I’m working with a pandas DataFrame that has both float64 and string columns. When I use to_csv
to save it, big numbers show up in scientific notation. For instance, 1344154454156.992676 becomes 1.344154e+12 in the file.
I want to keep the full numbers without scientific notation. I tried using float_format
, but it didn’t work because of the string columns. Here’s a simple example:
import pandas as pd
import numpy as np
df = pd.DataFrame({
'text': ['apple', 'banana', 'cherry'],
'numbers': np.random.rand(3) * 1e14
})
df.to_csv('output.csv')
This outputs scientific notation for the ‘numbers’ column. How can I make it show the full numbers instead? I’d like the output to look something like this:
text numbers
0 apple 94184321380806.796875
1 banana 22383735919307.046875
2 cherry 99180119890642.859375
Any ideas on how to achieve this without breaking the string columns?

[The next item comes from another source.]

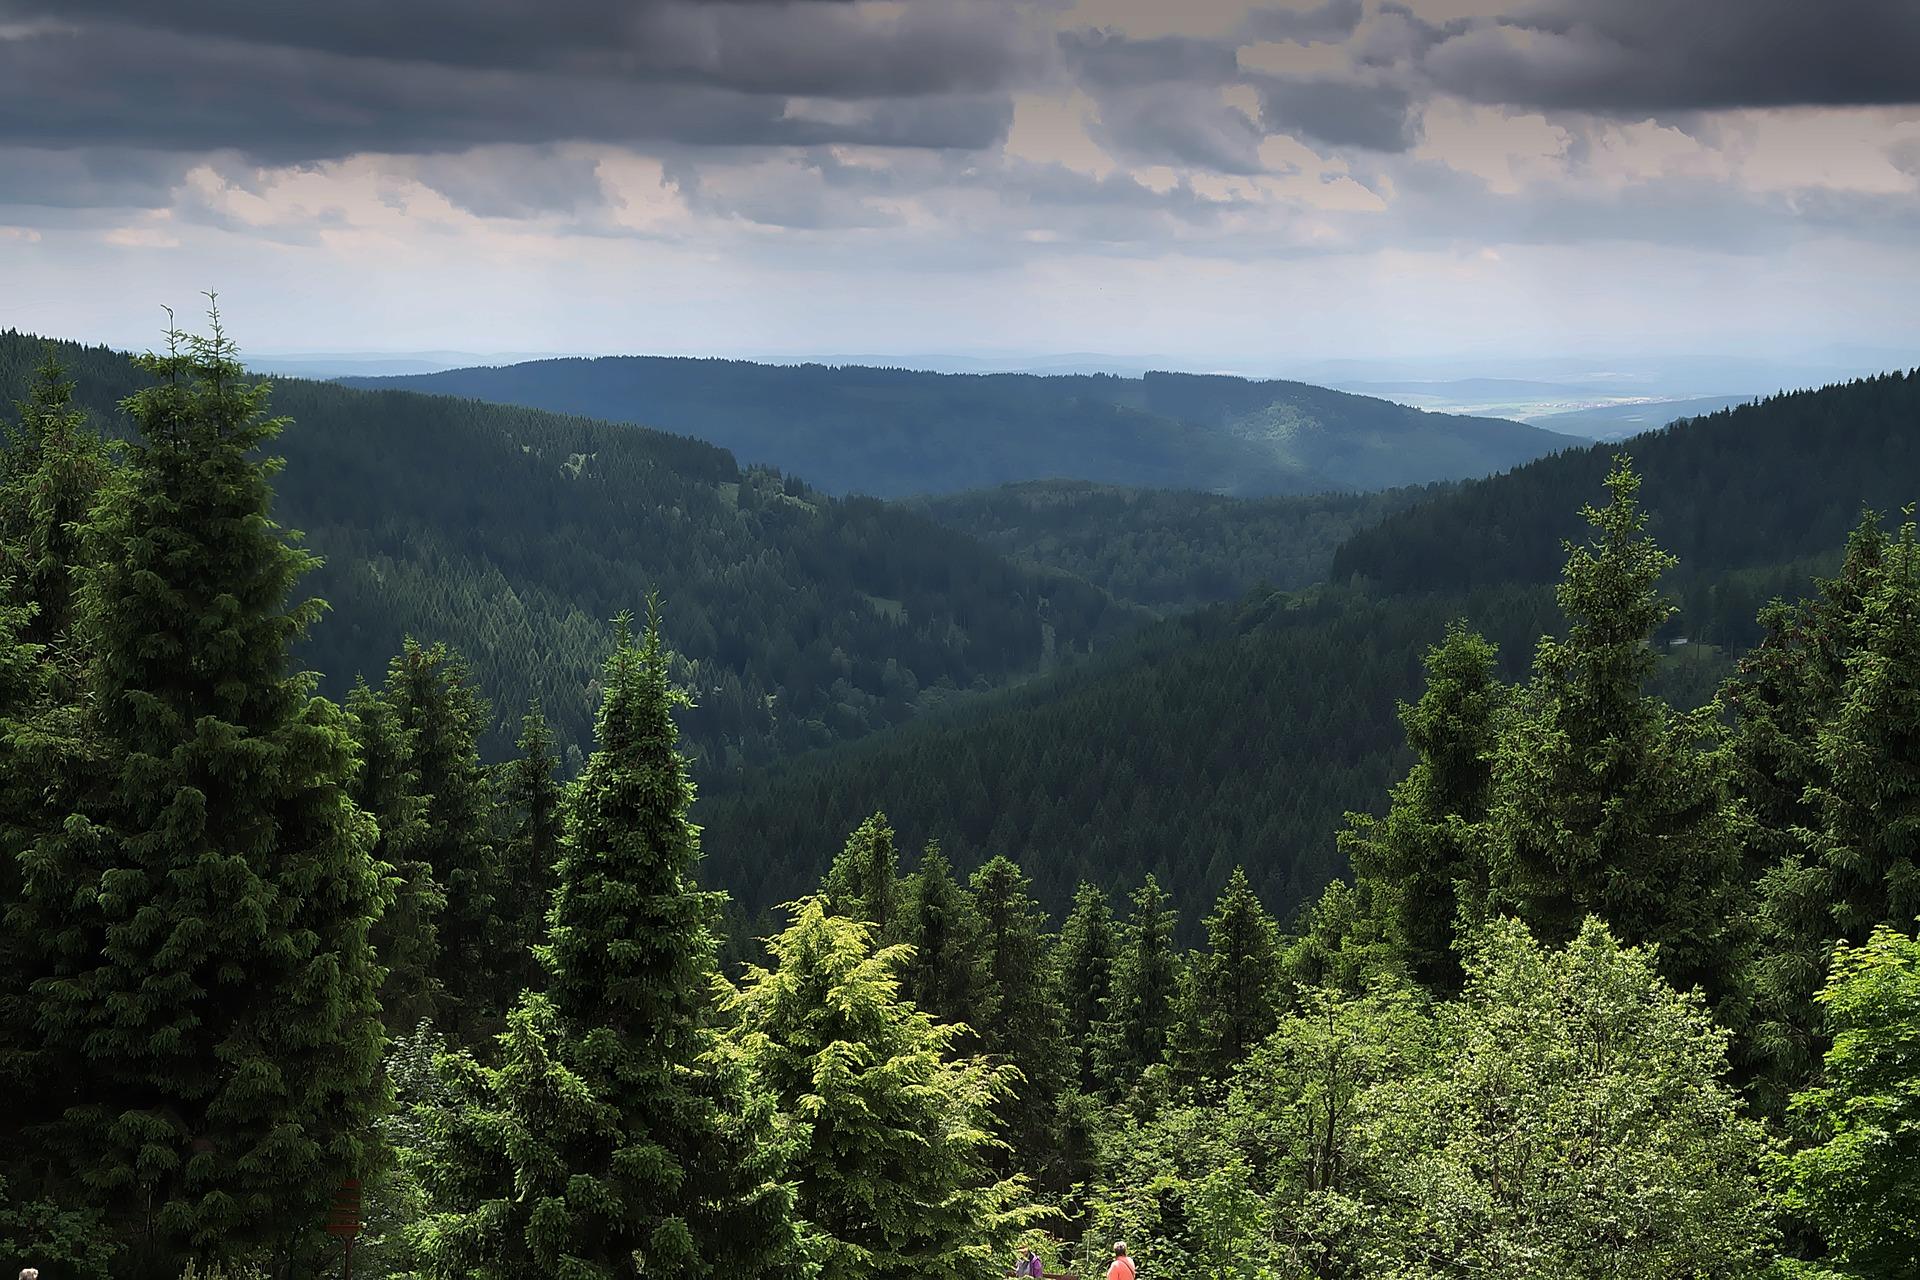 forest-2431875_1920.jpg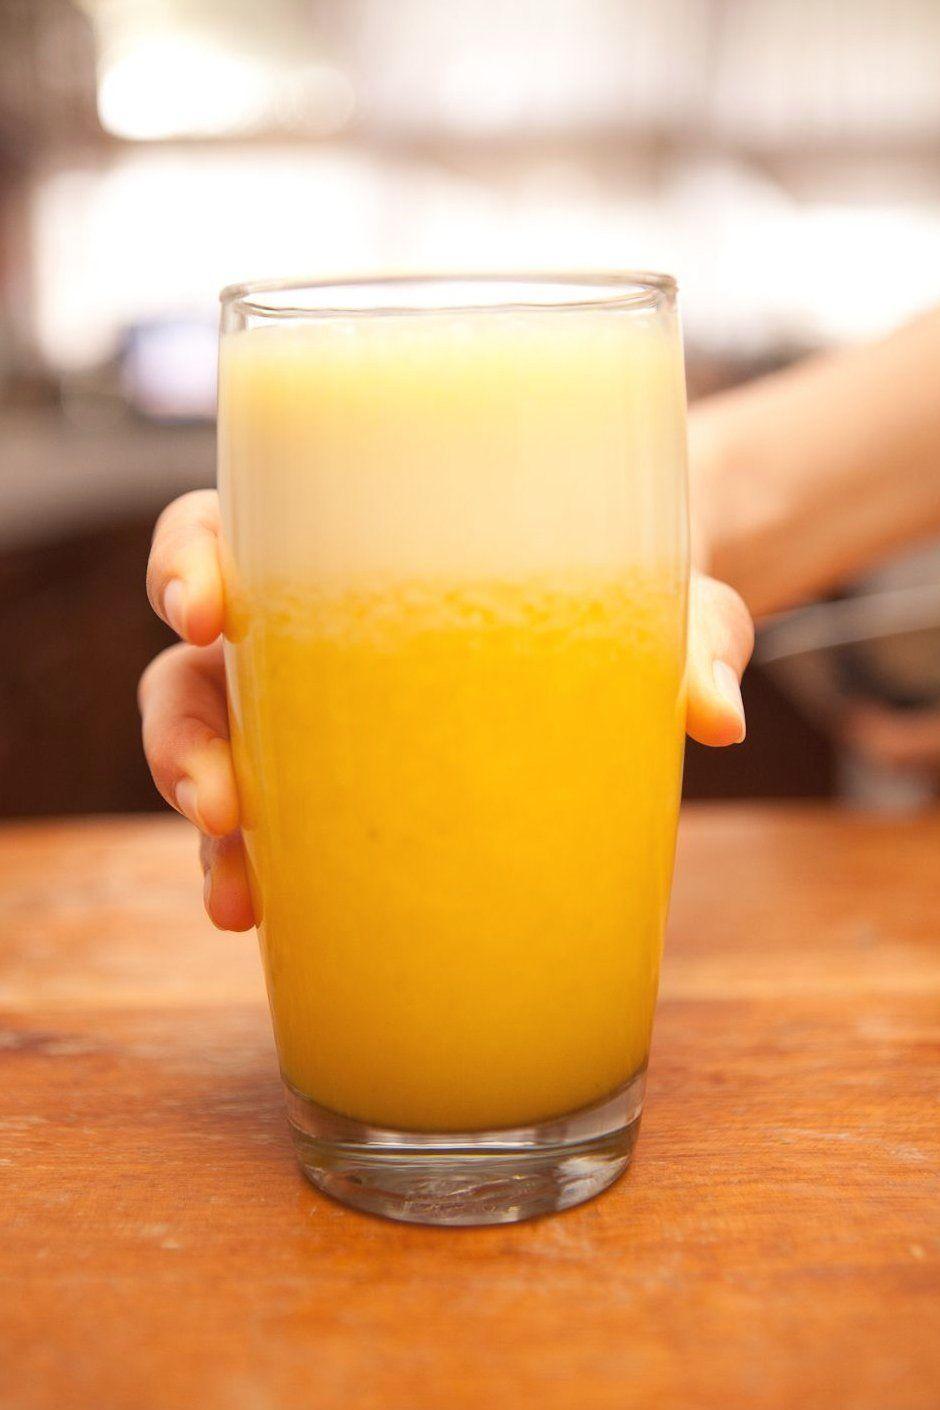 How To Make Pineapple Juice In 2020 Pineapple Juice Healthy Juices Pinapple Juice

I’ve dealt with this problem in my data analysis work. A straightforward solution is to use the ‘float_format’ parameter with a custom format string. Try this:
df.to_csv(‘output.csv’, float_format=‘%.6f’)
This will format all float columns to 6 decimal places without scientific notation. It won’t affect your string columns, so you don’t need to worry about those.
If you need more control, you can use a dictionary comprehension to specify formats for each column:
formats = {col: ‘%.6f’ if df[col].dtype == ‘float64’ else ‘%s’ for col in df.columns}
df.to_csv(‘output.csv’, float_format=formats)
This approach gives you flexibility to handle different column types individually. Just adjust the format strings as needed for your specific requirements.
hey, i’ve run into this too. one thing that worked for me was using pandas’ to_string() method first, then writing that to a file. something like:
with open(‘output.csv’, ‘w’) as f:
f.write(df.to_string(index=False))
this keeps the full numbers without scientific notation. just remember to set index=False if you don’t want the index column in your output.
I’ve encountered this issue before when working with large datasets containing mixed data types. One approach that worked for me is using the float_format
parameter in combination with a custom formatter function. Here’s a solution I found effective:
def format_float(x):
return f'{x:.6f}' if isinstance(x, float) else x
df.to_csv('output.csv', float_format='%.6f',
formatters={'text': format_float, 'numbers': format_float})
This method preserves the full precision of your float values without scientific notation, while also handling the string columns correctly. The format_float
function checks if the value is a float and formats it accordingly, otherwise it leaves it as is for string values.
Keep in mind that this approach might slightly increase the file size due to the full representation of large numbers. If file size is a concern, you might want to consider alternative storage formats like parquet or HDF5 for more efficient handling of mixed data types.